Farallon Flagship Fund Lost 23.8% Through October, Sells Stocks
By Katherine Burton
Nov. 6 (Bloomberg) — Farallon Capital Management LLC’s biggest hedge fund fell 23.8 percent this year through October, according to two people familiar with the matter, all but ensuring its first annual loss since opening 22 years ago.
The firm, which oversees $30 billion, has been selling stocks to meet expected clients withdrawals and invest in distressed debt, said the people, who asked not to be identified because the information is private. The flagship Farallon Capital Partners LP fund increased its cash holdings by 30 percentage points.
The $1.7 trillion hedge-fund industry is reeling from the worst financial crisis since the Great Depression, as stocks, corporate bonds and real estate prices have all tumbled. Funds have lost an average of 19.3 percent this year, as measured by a daily index compiled by Chicago-based Hedge Fund Research Inc. Firms including Blue Mountain Capital Management LLC and Deephaven Capital Management LLC have frozen funds after being hit by a surge in redemptions.
“The market backdrop we have is the worst in a modern generation’s memory,” Peter Clarke, chief executive officer of London-based Man Group Plc, the world’s largest publicly traded hedge-fund manager, said in a conference call today.
Mary Beth Glover, a spokeswoman for San Francisco-based Farallon, declined to comment.
The firm, founded by Thomas Steyer, invests in assets from stocks to distressed debt and real estate.
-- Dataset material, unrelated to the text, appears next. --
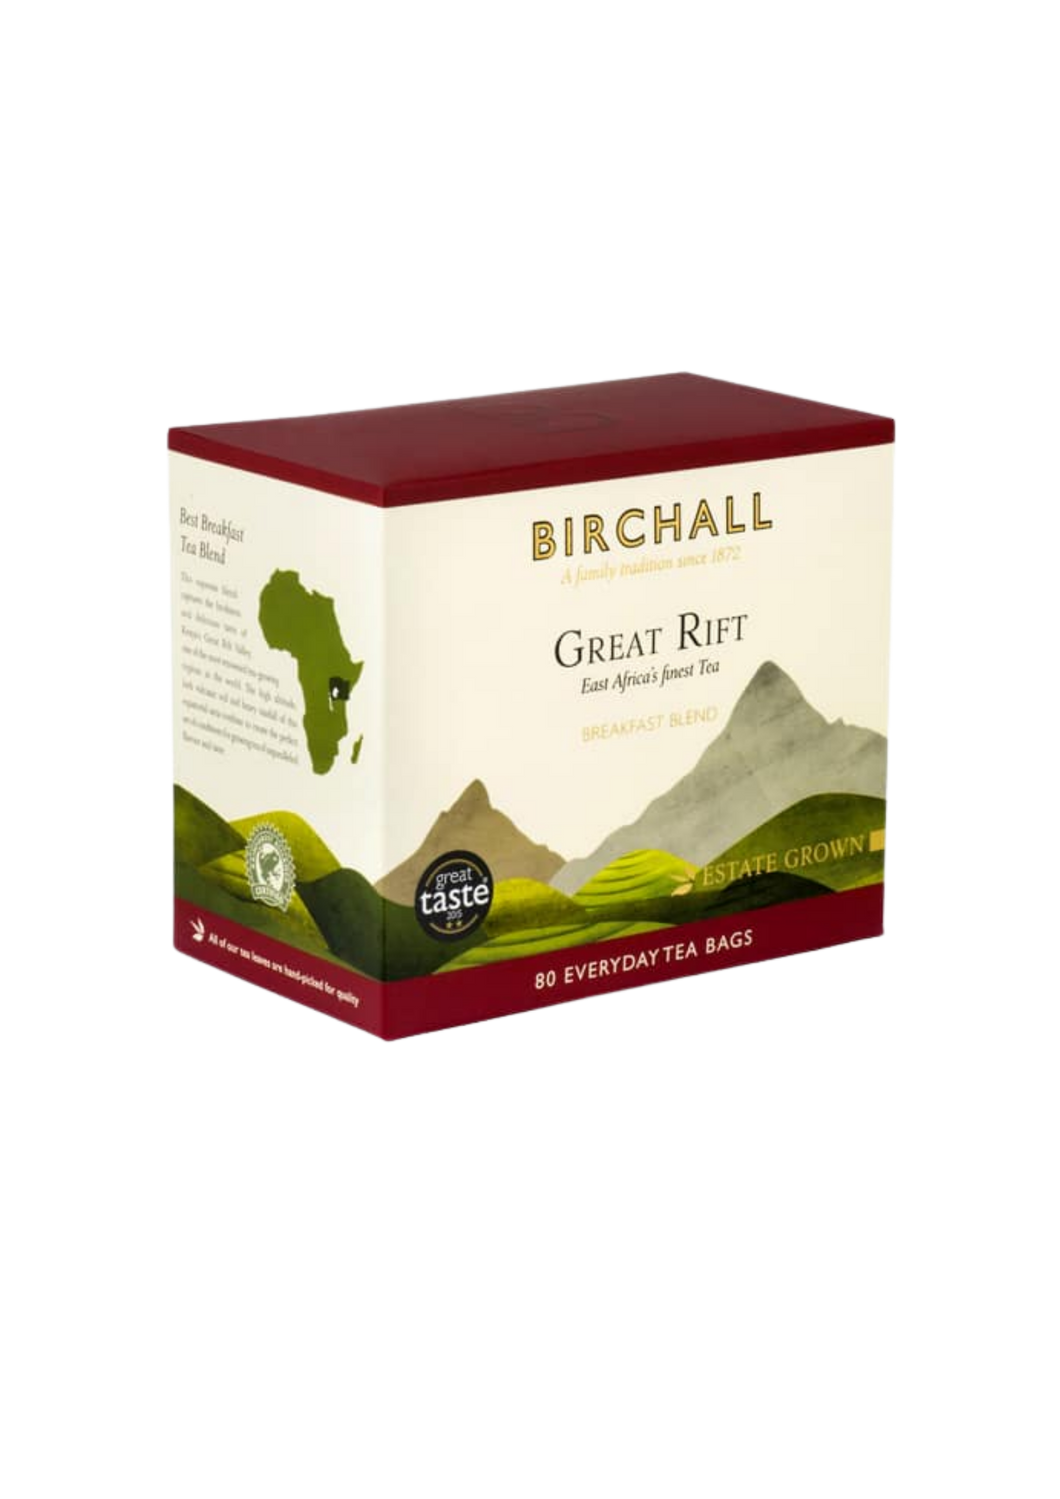 BIRCHALL GREAT RIFT BREAKFAST BLEND 80 TEA BAGS

The main fund has climbed an average of 14.6 percent annually for the past 22 years, compared with about 9 percent for the Standard & Poor’s 500 Index. It has never had a losing year.
Lehman Effect
Steyer, 51, worked on Goldman Sachs Group Inc.’s merger arbitrage desk under Robert Rubin, the former Treasury secretary and senior counselor for Citigroup Inc., before joining San Francisco-based Hellman & Friedman in 1986. There, he ran a portfolio that invested in the stocks of merging companies, much like what he had done at Goldman. That fund became Farallon.
Farallon, like many hedge funds, posted its largest monthly losses for 2008 in September and October. After Lehman Brothers Holdings Inc. filed for bankruptcy in September, credit markets froze and stocks plunged. The Securities and Exchange Commission also temporarily banned the short sale of about 15 percent of stocks in the Standard & Poor’s 500 Index, limiting investors’ ability to benefit from falling prices.
Farallon raised $750 million earlier this year to buy troubled securities.
The firm told six outside hedge-fund firms that manage money on its behalf that it would take back about $150 million in capital. The managers, who ran about $650 million for Farallon at the start of the year, have posted returns between zero percent and a loss of 40 percent this year, the people said.
The smaller Farallon Capital Offshore Investors Inc. fund lost 28.3 percent his year through October. That fund ended September with about 39 percent of assets in investments that they consider undervalued, primarily stocks, and 30 percent in credit securities such as loans and bonds, according to a report sent to investors.